Maund said Petersen’s blood/alcohol level at the time of his arrest was .18, twice the level for drunk driving. “He was awake, alert and goal oriented,” she added.

Marc Carlos, Petersen’s attorney, showed jurors a chart that listed all the side effects of seven drugs that Petersen was taking at the time, with the heading “The Perfect Storm.” Carlos told jurors to recall hearing TV commercials about prescription drugs that contain warnings about side effects such as memory loss, delusions or confusion.

Carlos argued that Petersen had a history of brain seizures stemming from a 1987 skydiving accident and that a combination of all those drugs and alcohol could produce an “altered state of reality.
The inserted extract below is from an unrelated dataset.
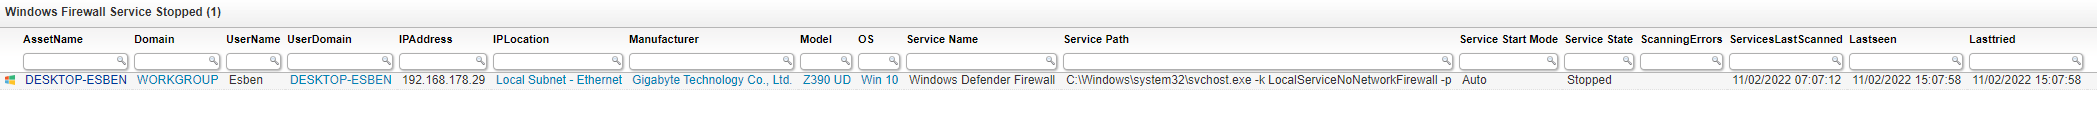 Windows firewall Service report

“He was unconscious of his actions,” Carlos said. “People in blackouts do that. It’s going to affect everybody in a different way. He’s not acting rationally. He wasn’t normal.”
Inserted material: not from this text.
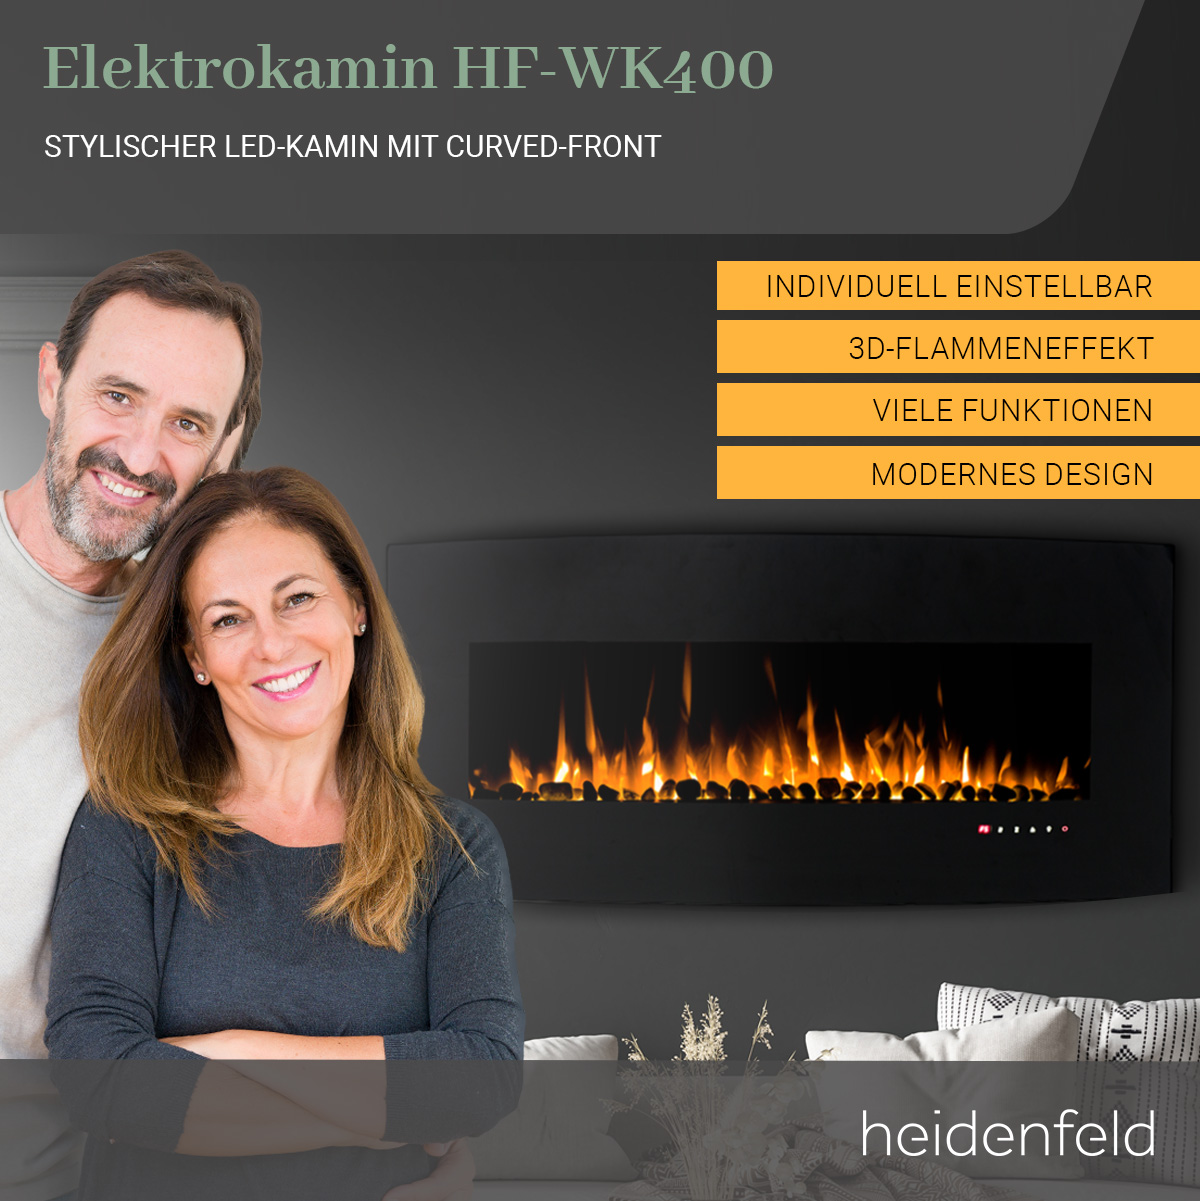 Watt) (1500 HF-WK400 HEIDENFELD Elektrokamin

Carlos conceded that Petersen shot both men, but he told the jury they were needed “to determine what was in Mr. Petersen’s mind.” He listed Petersen’s accomplishments, which included two CEO positions. “He’s never been arrested before,” he said.

Carlos urged jurors to see the silent video captured on Fletcher’s home security system that showed the struggle for the gun after Fletcher was shot in the stomach. He said Petersen was seen ranting and lecturing Fletcher with his index finger up and down 48 times.

The defense attorney also urged the jurors to “come to a decision you can live with” and said there was reasonable doubt shown about Petersen’s intentions.

In a brief rebuttal, the prosecutor said she counted 35 goal-oriented actions that Petersen performed during those shootings, such as driving eight miles, yelling, kicking in a door and smashing Fletcher’s cell phone.

“He had the liquid courage,” Maund said, “to get revenge on the people who hurt him. It was unreasonable what (the defense) presented to you.

“Please do your job.”

Judge Leo Valentine Jr. instructed jurors earlier in the day.

Petersen, who has come to court in a suit every day in the three-week trial, remains in jail on $5 million bail. If convicted, he faces three life terms plus 60 years in prison.